From the line that holds "Island with a" down to the last line of the listing below, transcribe exactly and only those lines. Leave pictures out.

GIVEN MATERIAL
Segment Open
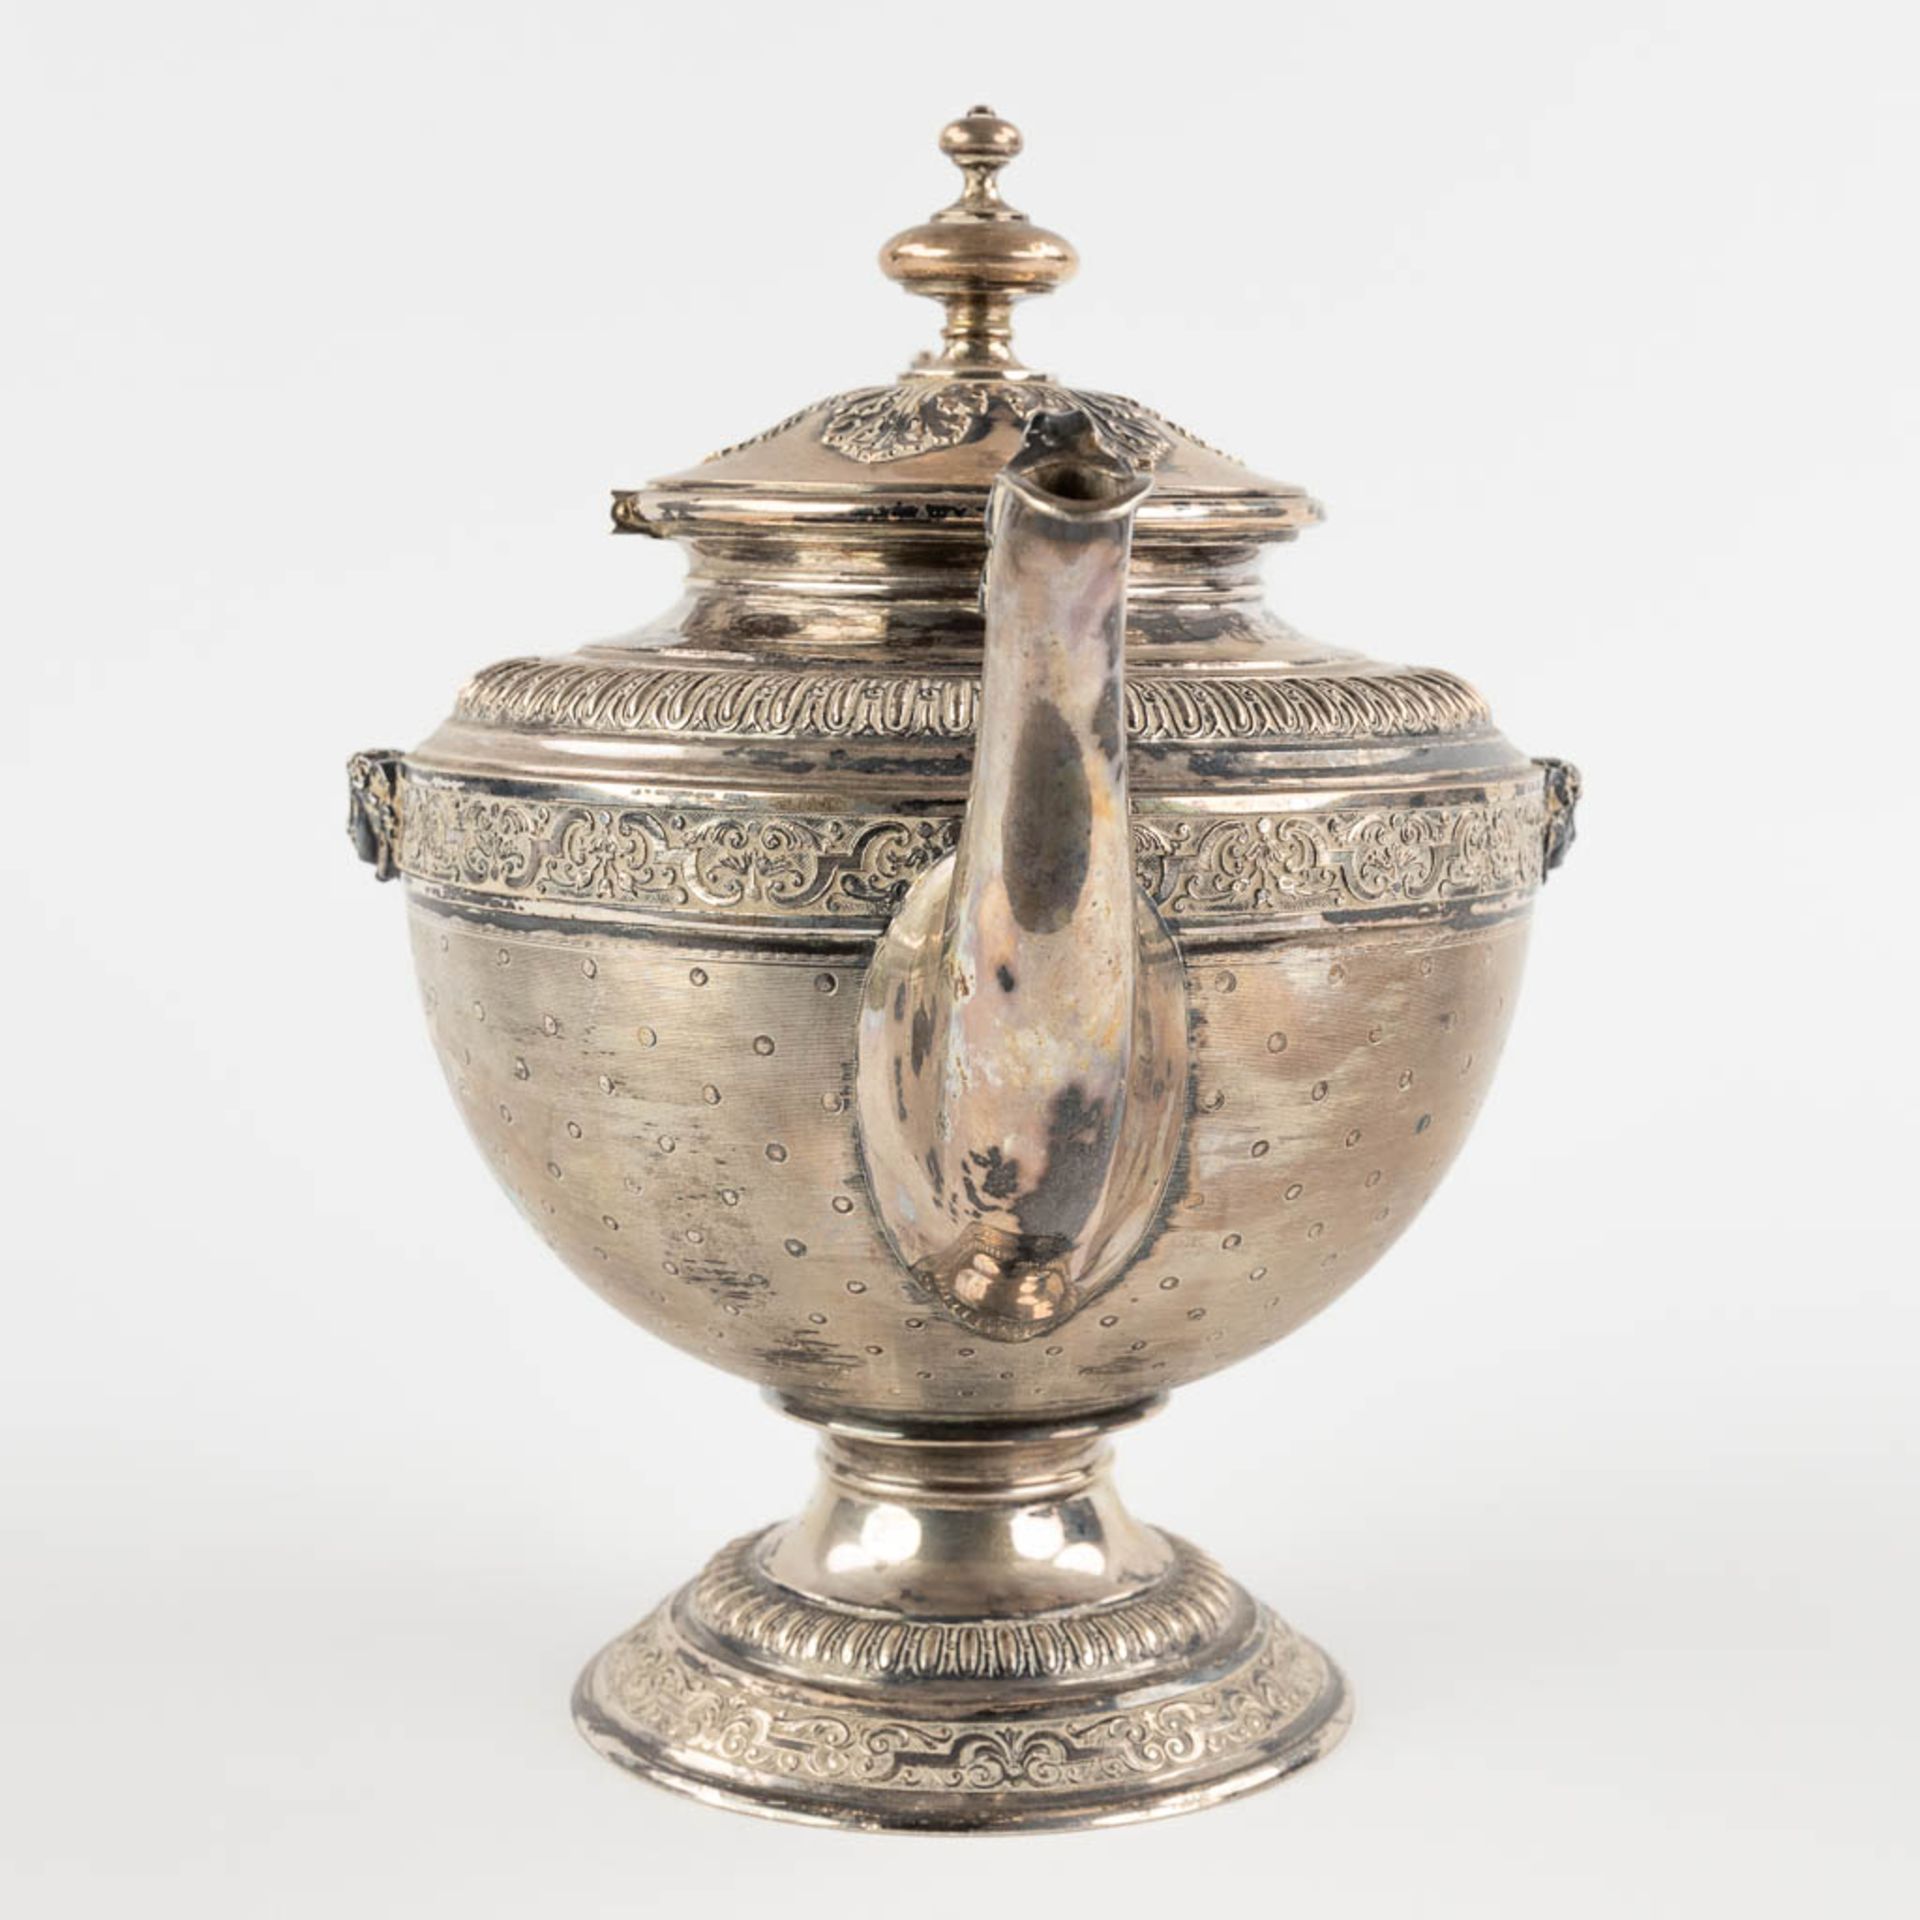 A teapot, silver, Germany. Gross: 659g. (D:16 x W:26 x H:21 cm) - Image 6 of 12
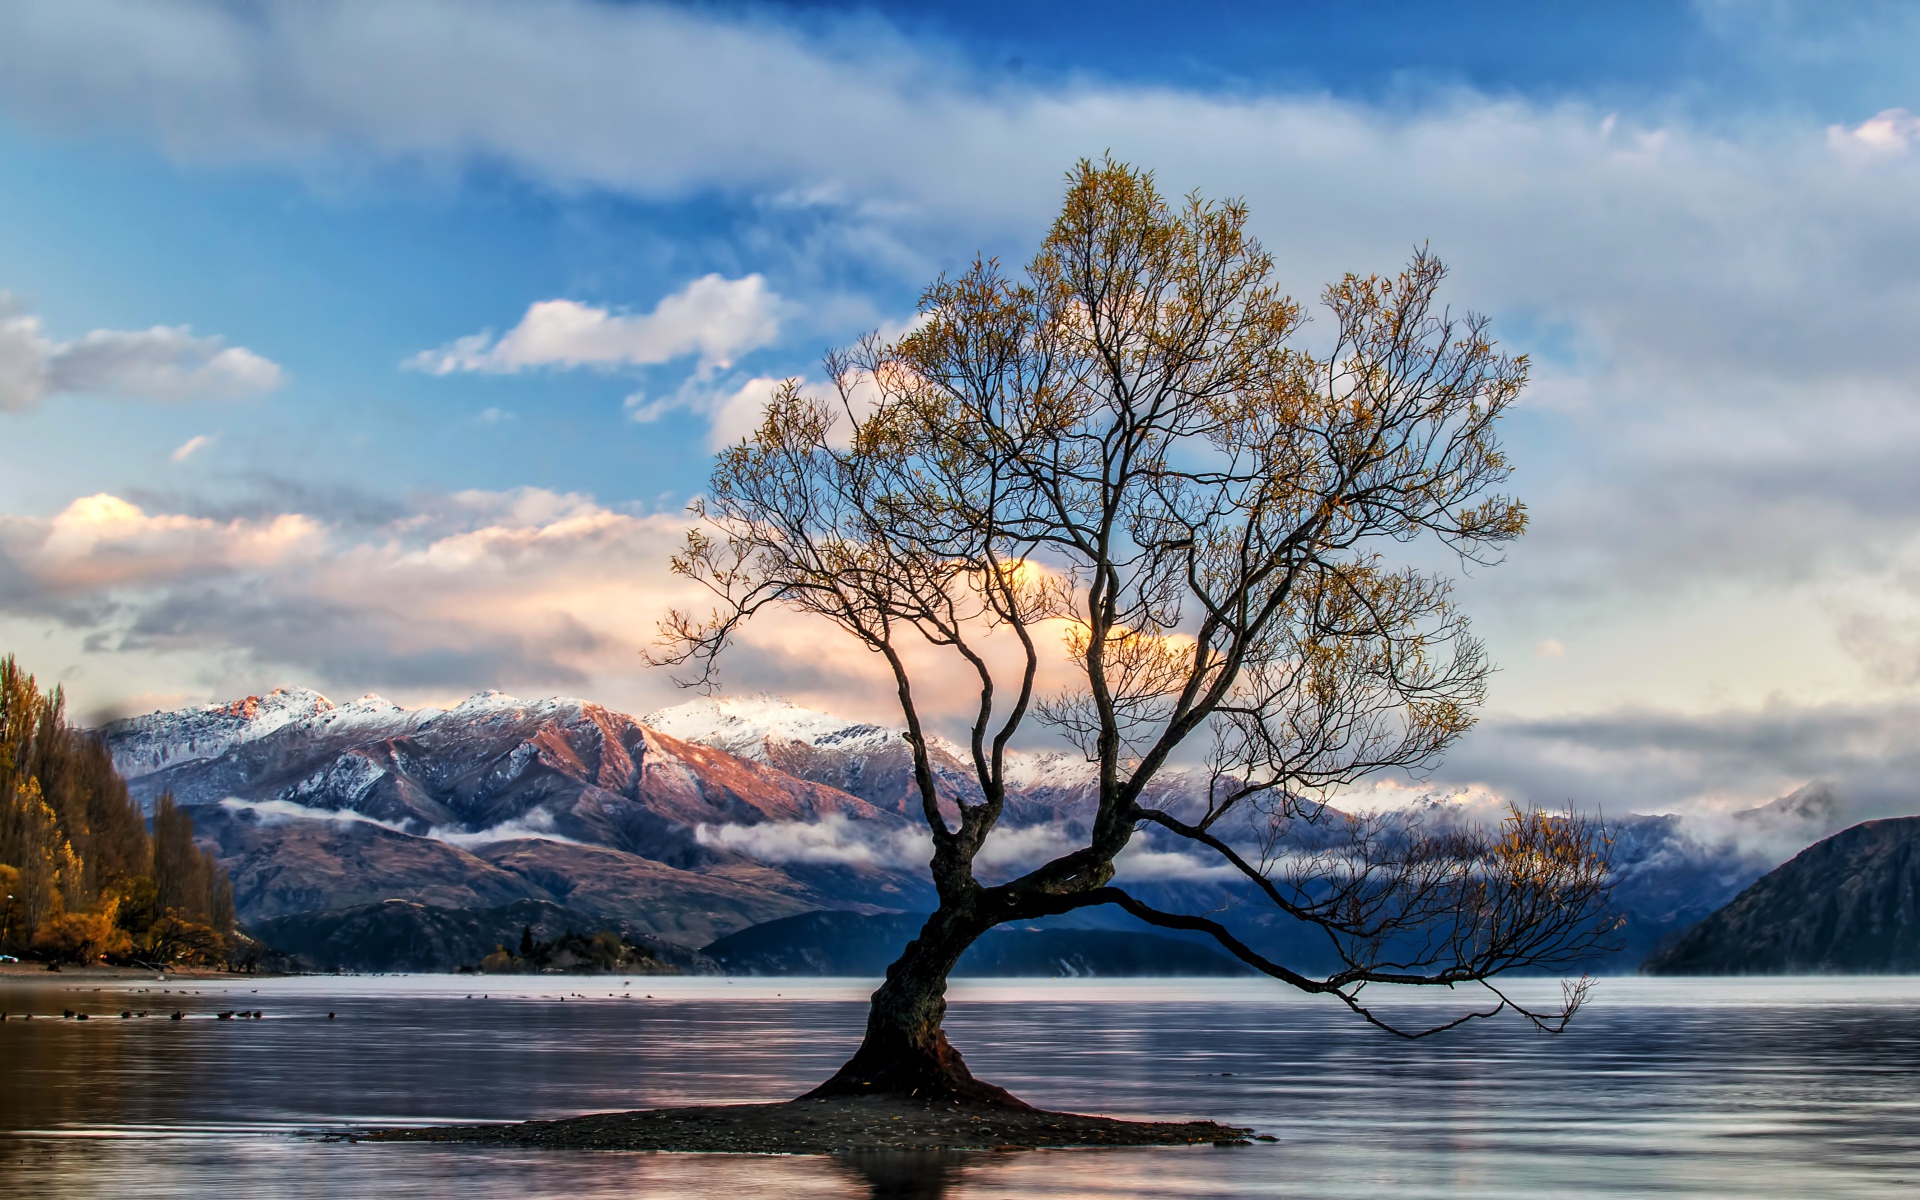 Island with a tree in the middle of the lake against the backdrop of the mountains
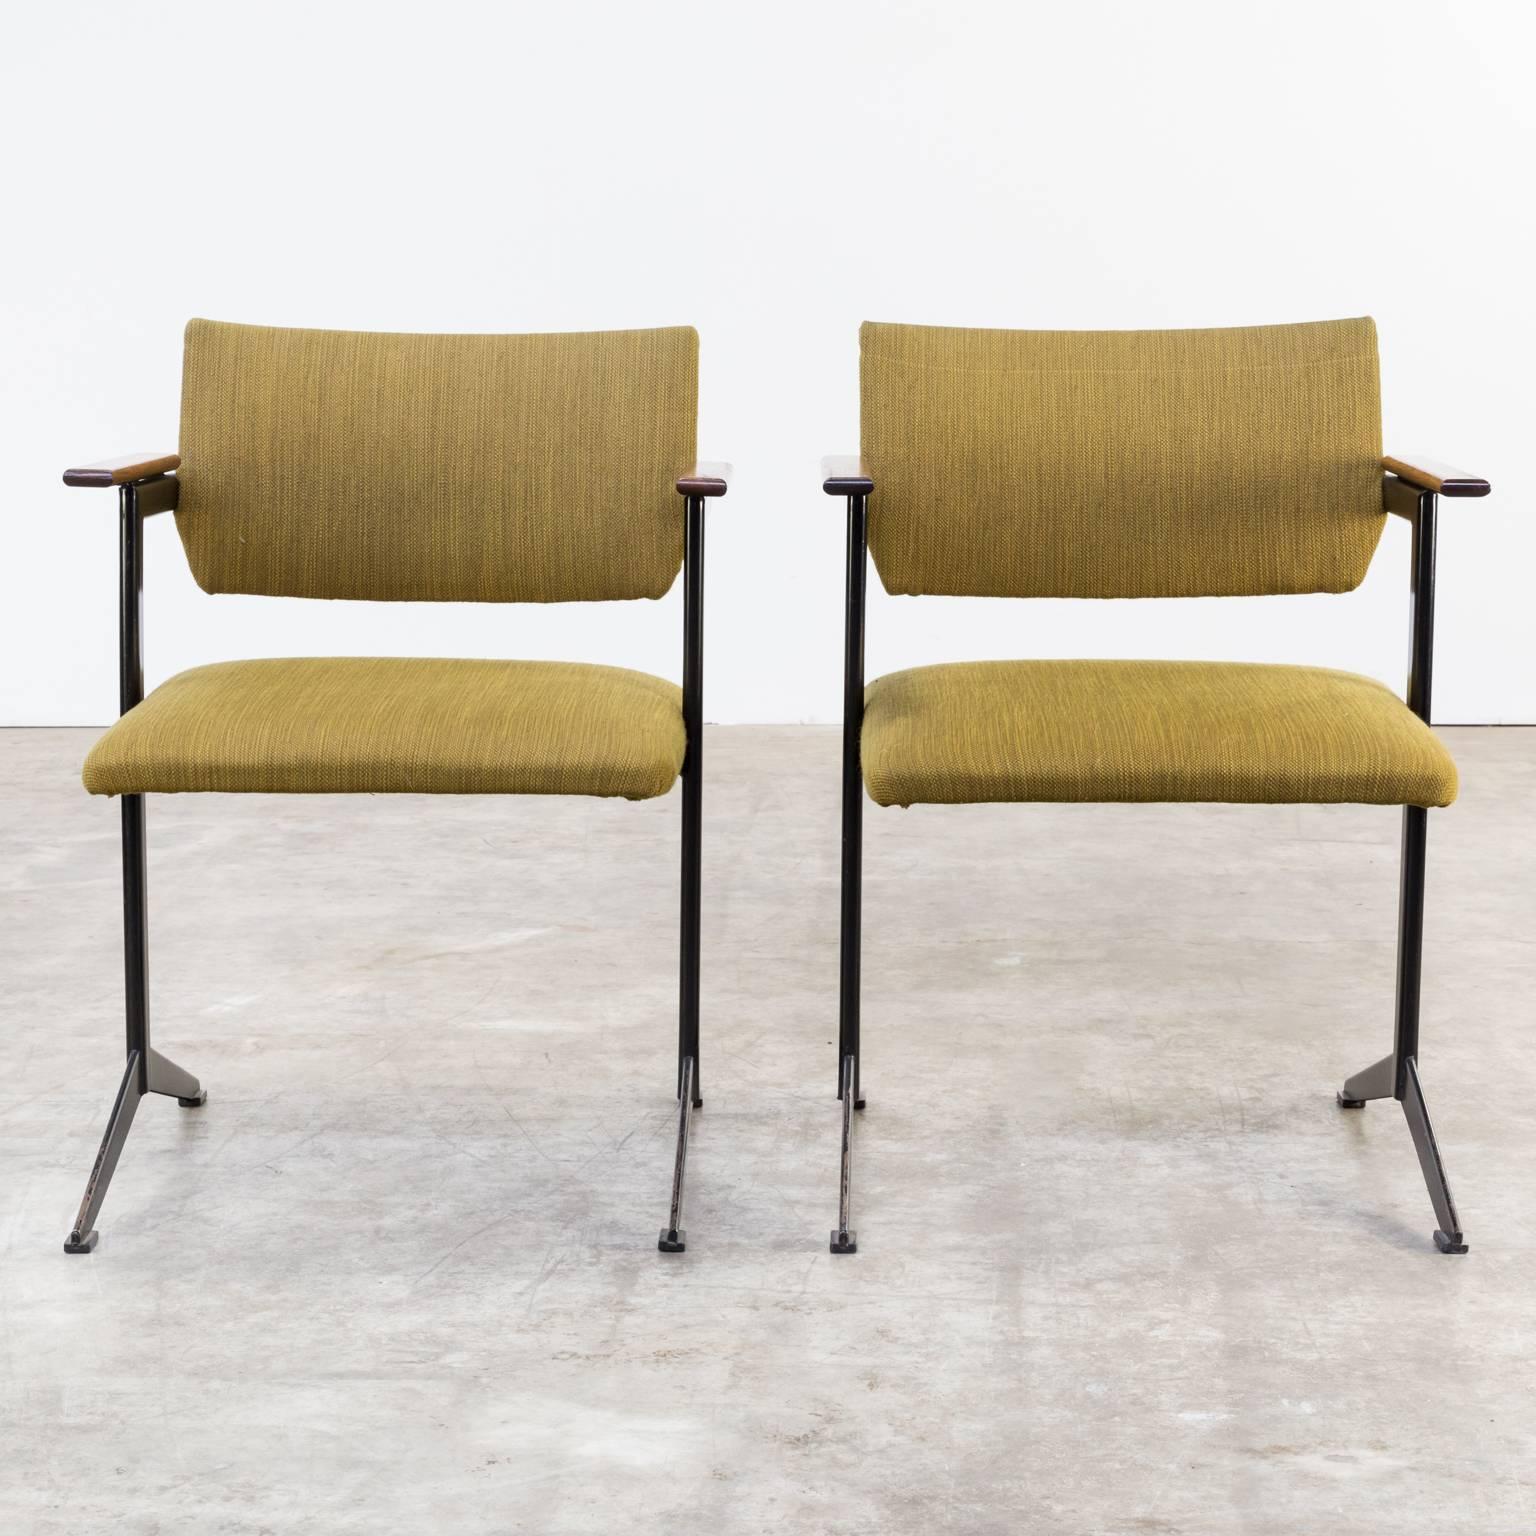 One set of two 1960s Friso Kramer ‘Ariadne series’ chairs for Auping. Metal, teak armrests, fabric. Both chairs in good condition, wear consistent with age and use. Dimensions: 60.5cm (W) x 60cm (D) x 82cm (H) seat h 47cm.
Segment Closed
WRITTEN SOLUTION
 Island with a tree in the middle of the lake against the backdrop of the mountains
 One set of two 1960s Friso Kramer ‘Ariadne series’ chairs for Auping. Metal, teak armrests, fabric. Both chairs in good condition, wear consistent with age and use. Dimensions: 60.5cm (W) x 60cm (D) x 82cm (H) seat h 47cm.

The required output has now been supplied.